Genetic targets of hydrogen sulfide in ventilator-induced lung injury

In this study we provide evidence on potential mechanisms involved in H2S mediated protection against VILI. H2S down-regulates genes that are involved in oxidative stress and pro-inflammatory cell responses. H2S regulates ECM remodelling, a mechanism which may contribute to H2S-mediated lung protection. In addition, H2S inhalation activates anti-apoptotic and anti-inflammatory genes, and genes controlling the vascular permeability. The functional relevance of Atf3 underscores the potential of H2S to limit lung injury. We utilized a microarray approach for large scale analysis of target genes in order to elucidate the therapeutic effects of H2S in VILI. This study demonstrates the influence of supplemental H2S on gene expression in a model of VILI. In addition to describing the genes differentially regulated in VILI, the present study focused on newly identified H2S target genes within several functional groups, including anti-inflammatory and anti-apoptotic pathways, regulation of extracellular matrix (ECM) remodelling and angiogenesis. Gene expression analysis of control group, allowed to breathe spontaneously synthetic air and mice ventilated with synthetic air or synthetic air with 80 ppm H2S for 6 hours.

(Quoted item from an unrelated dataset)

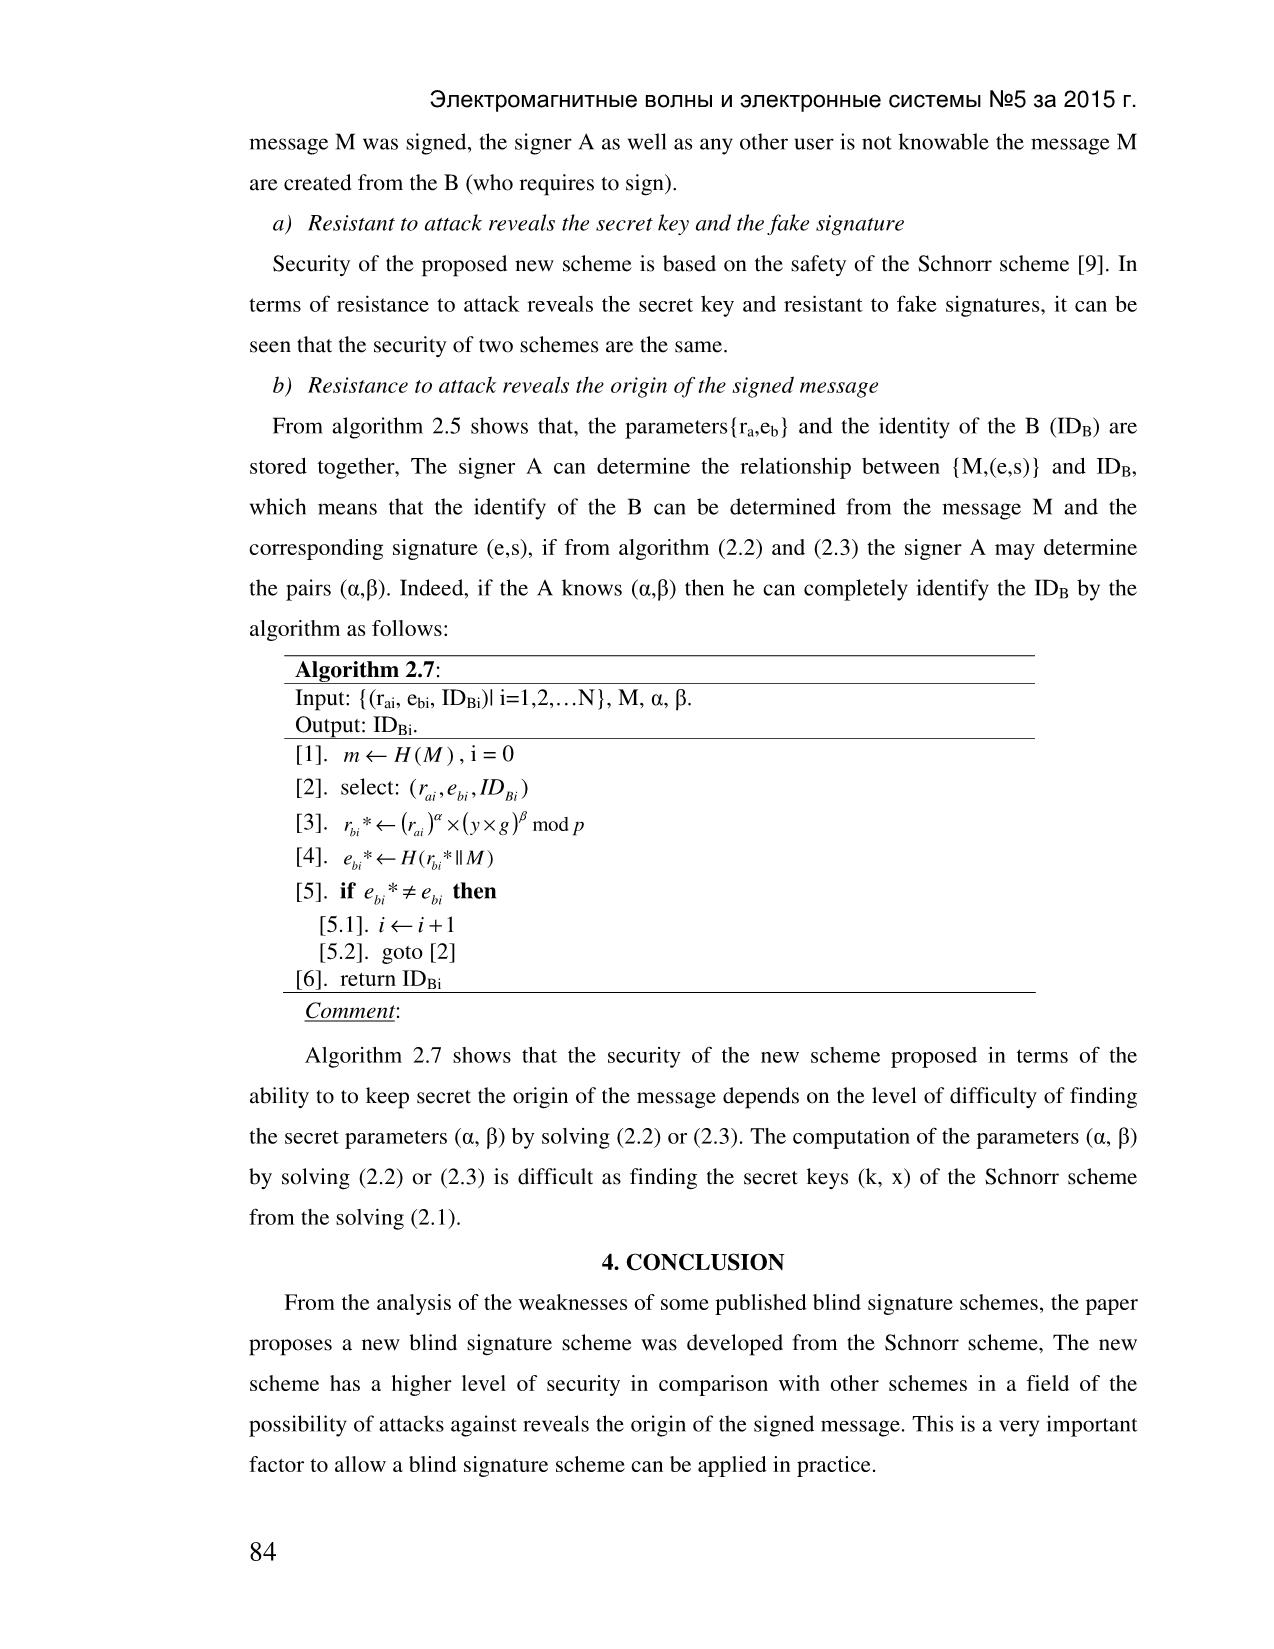 Blind signature scheme based on discrete logarithm problem trang 9

本研究旨在为硫化氢（H2S）介导的呼吸机相关性肺损伤（VILI, Ventilator-Induced Lung Injury）保护作用的潜在机制提供实验证据。硫化氢可下调参与氧化应激与促炎症细胞应答的基因表达，还可调控细胞外基质（ECM, Extracellular Matrix）重塑，这一机制或有助于硫化氢介导的肺保护作用。此外，吸入硫化氢可激活抗凋亡、抗炎基因以及调控血管通透性的相关基因。激活转录因子3（Atf3, Activating Transcription Factor 3）的功能相关性进一步凸显了硫化氢限制肺损伤的应用潜力。为阐明硫化氢在呼吸机相关性肺损伤中的治疗作用，本研究采用基因芯片技术对靶基因进行大规模分析，明确了外源性补充硫化氢对呼吸机相关性肺损伤模型中基因表达的调控作用。除了阐明呼吸机相关性肺损伤中差异表达的基因外，本研究还重点分析了多个功能类群中新发现的硫化氢靶基因，涵盖抗炎与抗凋亡通路、细胞外基质（ECM）重塑调控以及血管生成等方向。本研究对实验小鼠开展了基因表达分析，其中对照组小鼠可自主呼吸合成空气，其余小鼠分别以合成空气、含80ppm硫化氢的合成空气进行6小时机械通气。